In contrast with last year when a few very large portfolios boosted the European volume, investment activity in H1 was fuelled by several small to mid-size portfolio transactions mainly signed in Germany and Sweden and a large number of single property deals. The share of forward-acquisitions in new care home developments also accounted for nearly 30% of the overall volume.

Public specialised REITs, which have been pioneers in the market, are still the most dynamic market players, notably Aedifica and Cofinimmo. Nevertheless, a growing range of investors is now involved in the sector, including investment managers (Primonial, Patrizia, Threestones Capital, Capital Bay) and listed property companies (SBB i Norden).

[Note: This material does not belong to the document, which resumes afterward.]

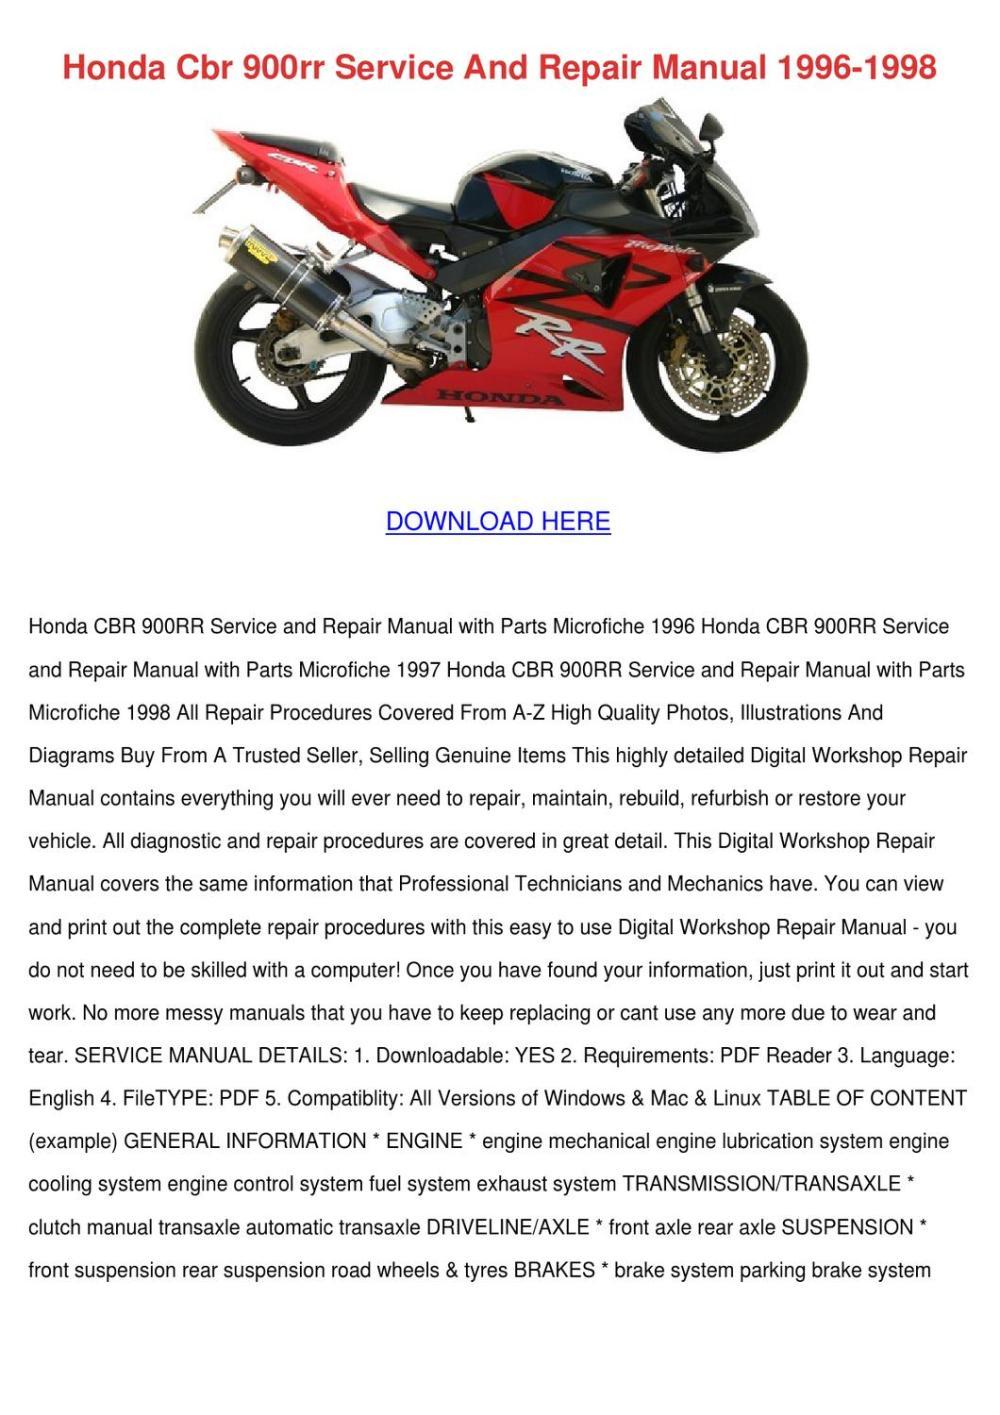 medium resolution of honda cbr 900rr service and repair manual 199 by reda mccrady issuu
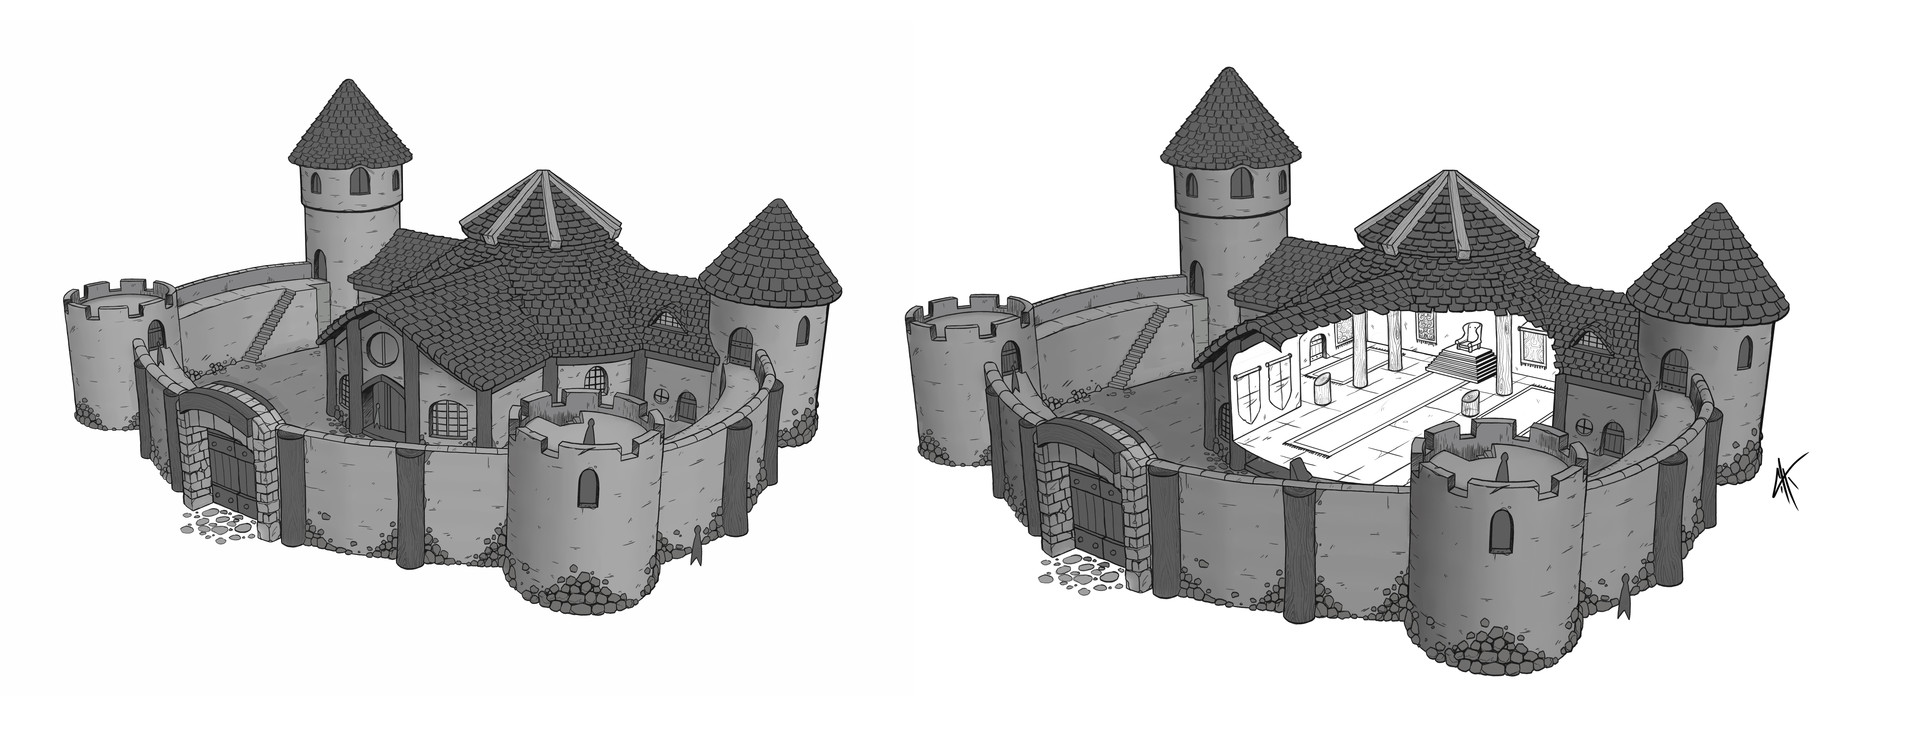 Christopher hayes cobb castle

Cross border investment, which accounted for approximately 40% over the past five years, predominantly originates from within the continent. In recent years, US and Asian investors demonstrated a rising interest for the sector; however, strong market knowledge and knowhow from European investors provide them with a solid grip on their markets.

Despite the current health crisis, the sector remains very attractive for investors seeking secure, long-term income streams as the sector is backed by solid long-term fundamentals. Last month, SBB bought a large care home property portfolio in Finland from eQ for €222 million, the largest care home investment transaction in the country. Based on the deals transacted since the beginning of October and others in the pipeline for the rest of the year, we expect the end-year volume to slightly exceed €5bn, in line with 2019. As the overall investment activity will eventually resume sometime next year, we could witness surprisingly high care home investment volume in 2021. According to the Emerging trends in Europe 2020 survey, retirement/assisted living is the sector offering the best prospects for investment and the second-best prospects for development.

We expect growing competition for care home assets will continue to put upward pressure on prices

Savills European Research

Hardening yields

Increased appetite from investors for care homes has put downward pressure on yields over the past two years. Notably in Sweden, Germany and Finland where prime yields hardened by 30, 20 and 10 basis points respectively. The prime care home yield currently ranges between 3.85% and 5% depending on country, location and quality of assets. We expect growing competition for care home assets will continue to put upward pressure on prices.